The Holt family had one of the first successful tracked tractors. When an onlooker commented that "It moves like a caterpillar", Holt used (and copyrighted) that name for his early machines. Later Holt was bought out by and merged with the Best Company and became the Caterpillar Tractor Company.

OK,, so I rambled, here's the part that I set out to relate.

In 1863, Charles Holt moved from Boston the San Francisco, where he established the Holt Co., which was in the business of importing lumber to manufacture wagons. In 1870 two bothers joined in partnership with him and it became Holt Brothers and opened a wheel factory in Concord, NH.

Wagon wheels made in the humid conditions of the Northeast did not do well when used in the dry air of the western deserts. The Holt Company found that San Francisco was not good for wheel making either, for the same reasons and in 1883 Holt Brothers opened a wheel shop in Stockton, CA. Yet another brother joined the firm at that time and moved to California to run the wheel shop which was known as the Stockton Wheel Company.

Apparently it has been a successful venture as it's still there after 120 years. I wonder if there are any Holts still involved in the business. And I'll bet they don't have much problem with wood wheels shrinking and loosening up now.


----------



## Arc Burn (Oct 21, 2002)

So let me get this straight......You decided to use custom wooden wheels? ,Just kiddin,interesting story.


----------



## Chuck Smith (Dec 30, 1999)

Alan,

Going back to a replacement tire, you might want to call Galaxy Tire. I checked on thier site, and they really don't show any custom wheels, but they do make wheels, and they have a large selection of tires. I know thier pricing is good from past experience. Maybe if you give them a call, they can get a tire with the load range you want.

Galaxy 
Tel. (781)321-3910 
www.galaxytire.com

Incidentally, they have great prices on skid loader, tractor, loader, and trailer tires and wheels too.

~Chuck


----------



## TLS (Jan 31, 2000)

What is the capacity of your rear axle?
6-7000lbs? or so?
I would much rather run a tire a bit heavy then an axle. You get too rigid a tire and the whole truck will suffer harder jolts from weights it wasn't meant to carry.

My Michelin 265-75/16's are load range E for 3415 lbs single.

How are you going to stop this truck when fully loaded?

What is your anticipate GVW going to be?

We want details!


----------



## Alan (Mar 2, 2000)

> _Originally posted by TLS _
> *What is the capacity of your rear axle?
> 6-7000lbs? or so?
> I would much rather run a tire a bit heavy then an axle. You get too rigid a tire and the whole truck will suffer harder jolts from weights it wasn't meant to carry.
> ...


In the order of your questions:

Currently I have no idea just what the rear is rated for. This is a 14 bolt semi-floater, so I know it's not the best I can get. If I can find a 14 full floater that has the ABS sensors and is 3.73 I'll swap it in in a heartbeat.

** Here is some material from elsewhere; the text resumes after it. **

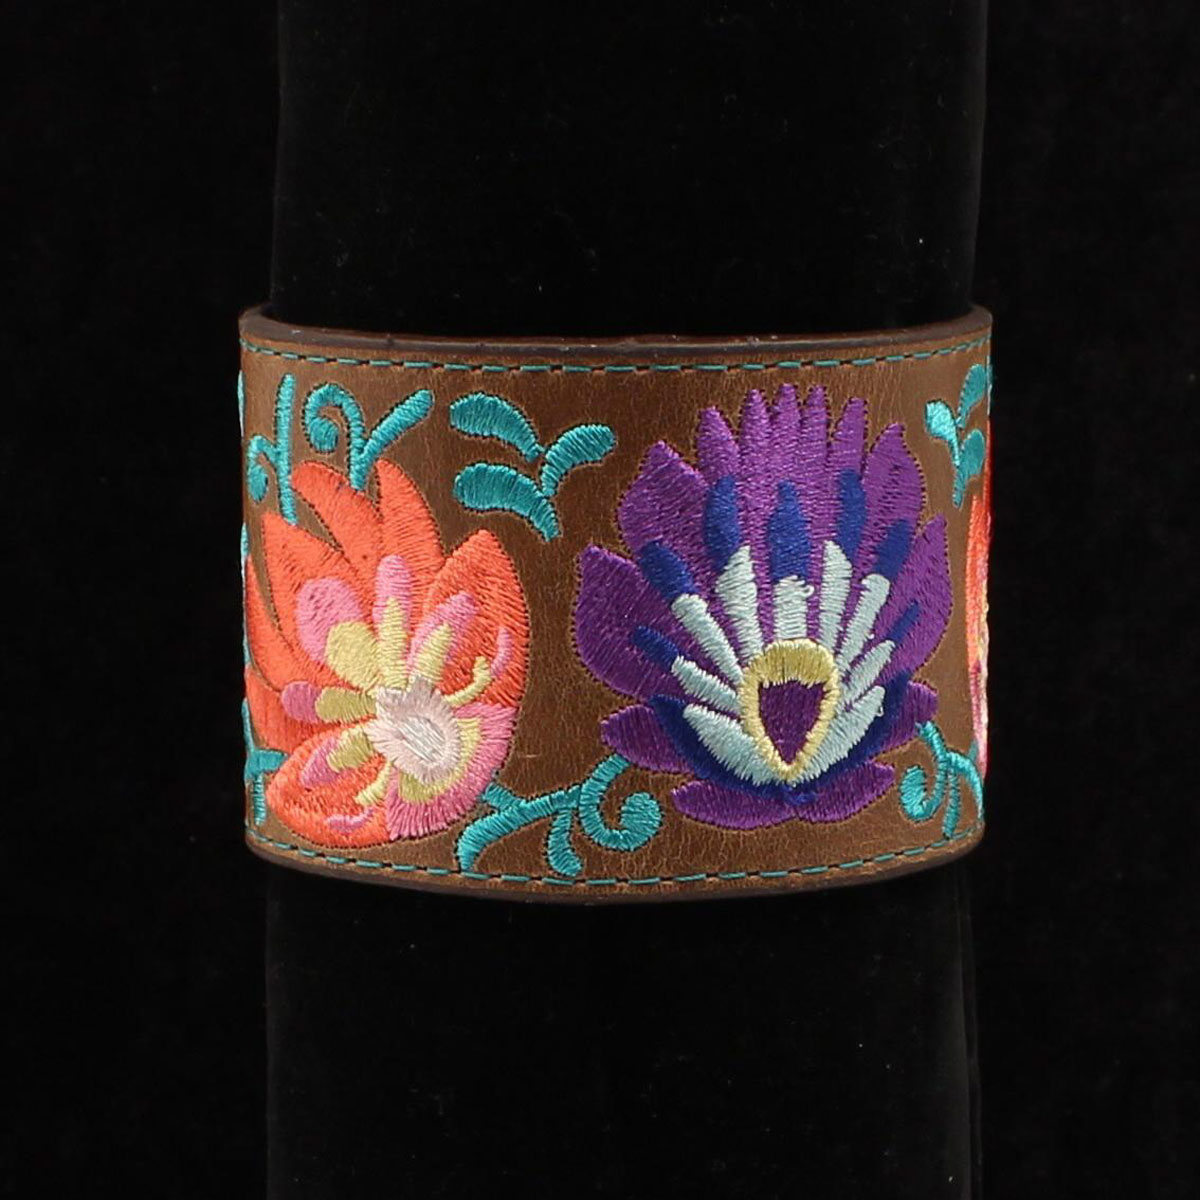 Dbr718 Medium Brown Leather Cuff With Floral Embrossed Beaded
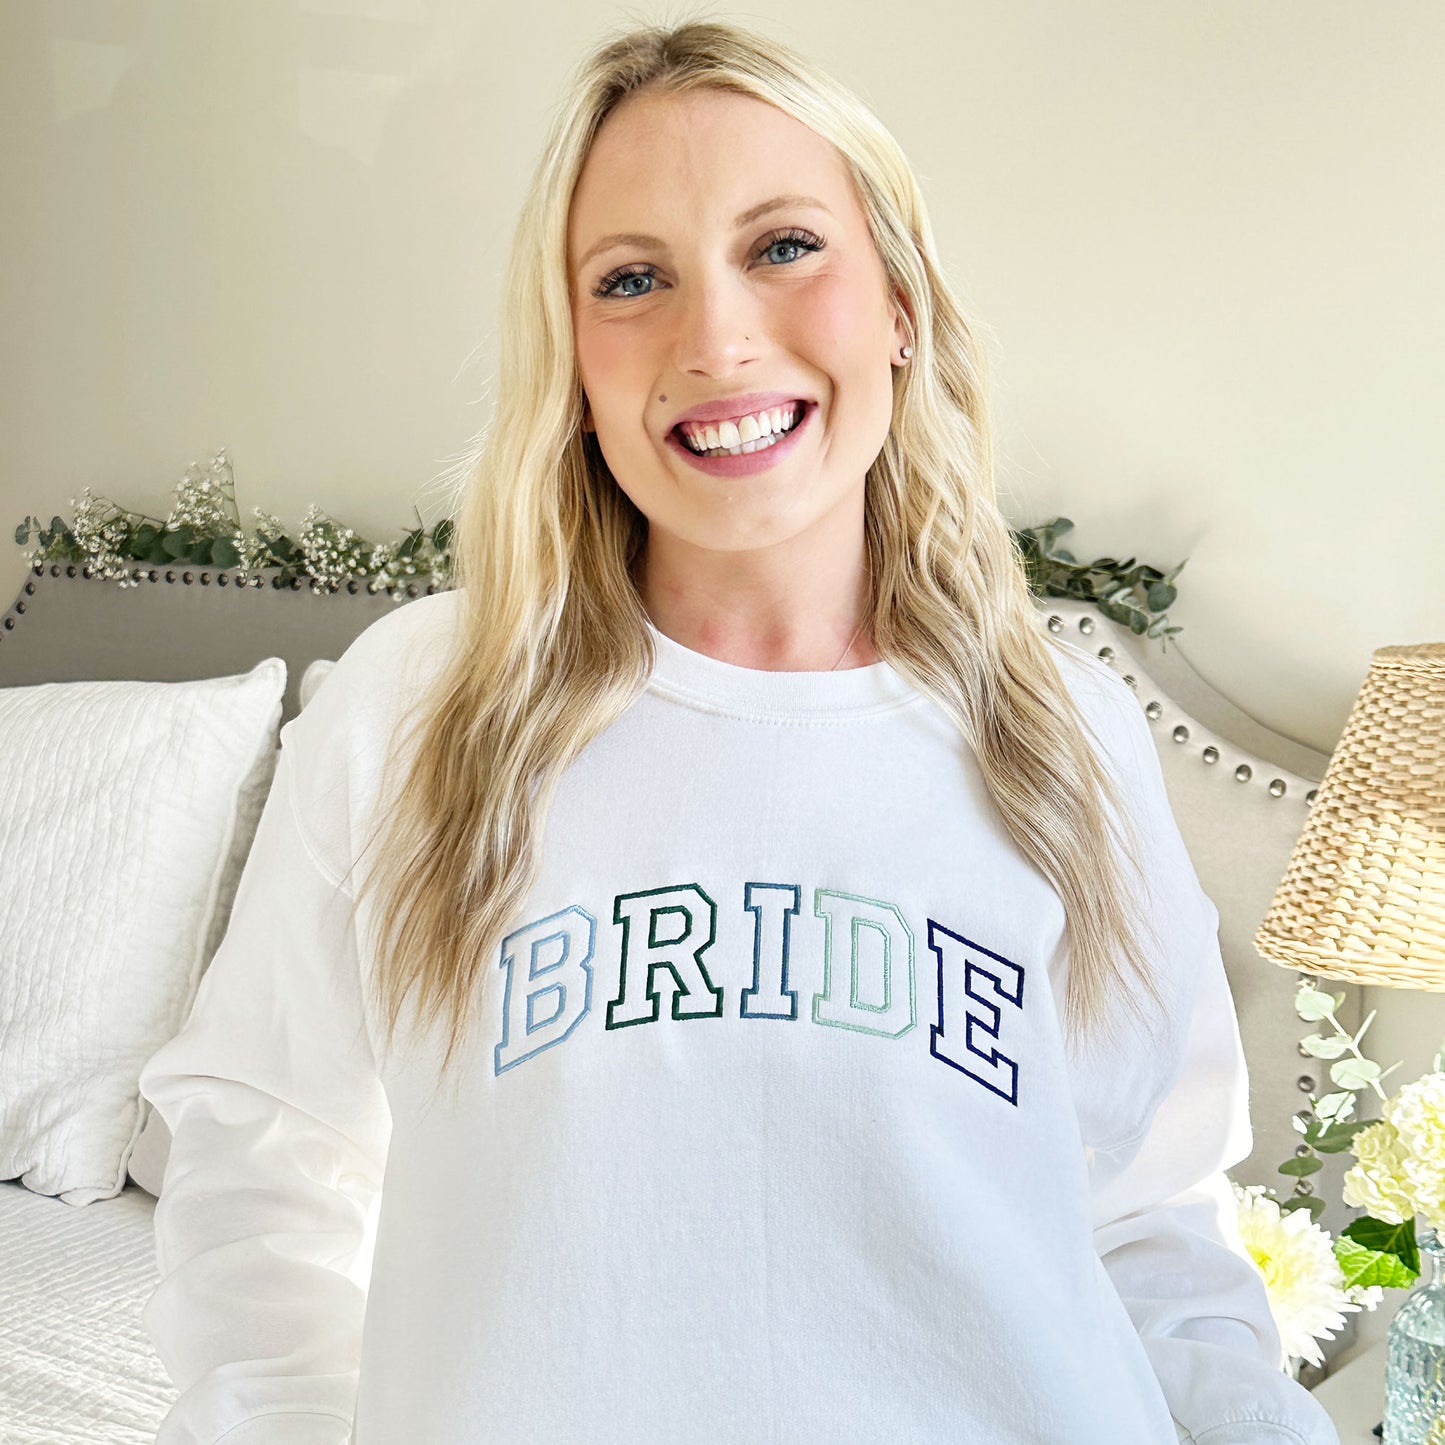 bride wearing a white crewneck sweatshirt with bride embroidered across the chest in a varsity font and blue and green thread

I'm looking at it just the opposite. The axle has some designed in overbuild. The axle rating isn't just the axle, it's a combo of axle/tires/springs. That happens to be 6,000 lbs in this case, almost exactly what the tires are rated for. With the vee box loaded with salt I am very close to that weight as well. The problem is when I load with sand I get another 1,000 lbs, most of it on the rear. It's not loaded to that level for very long, after the first stop I'm ok again. But at that load the tires are showing they are not happy, and the truck just feels squirrely.

That would be all the upgrade I need. I'm not really crazy about having to go wider but it may be worth a try

Same as I do now, push on the left pedal. Not trying to be smart but brakes don't seem to have any problems.

On the 3500 I'm looking at 11K loaded. I know I'll probably get all sort of warning about being over design GVW and liability, etc. Frankly, I don't care. I don't feel particularly unsafe or dangerous. Trips are not all that long and usually not in really heavy traffic, plus the high load isn't a constant condition.

When I build the decicated plow truck it will eventually get a dual wheel axle, even if I only run the inside wheel on the rear. That one will also get loaded heavier and I'm not ruling out running duals on the back. But a duallie axle will get me bigger brakes as well as a high rating. I'm hoping to design that truck around axles that will get me to 11K minimum.

Originally I'll build it with a 14 semi-floater rear and 10 bolt front. I already have those axles and they will do to prove the concept. I have found a pair of axles I will be negotiating on, a Dana 70 DRW rear and a 70 front out of an ex military truck.


----------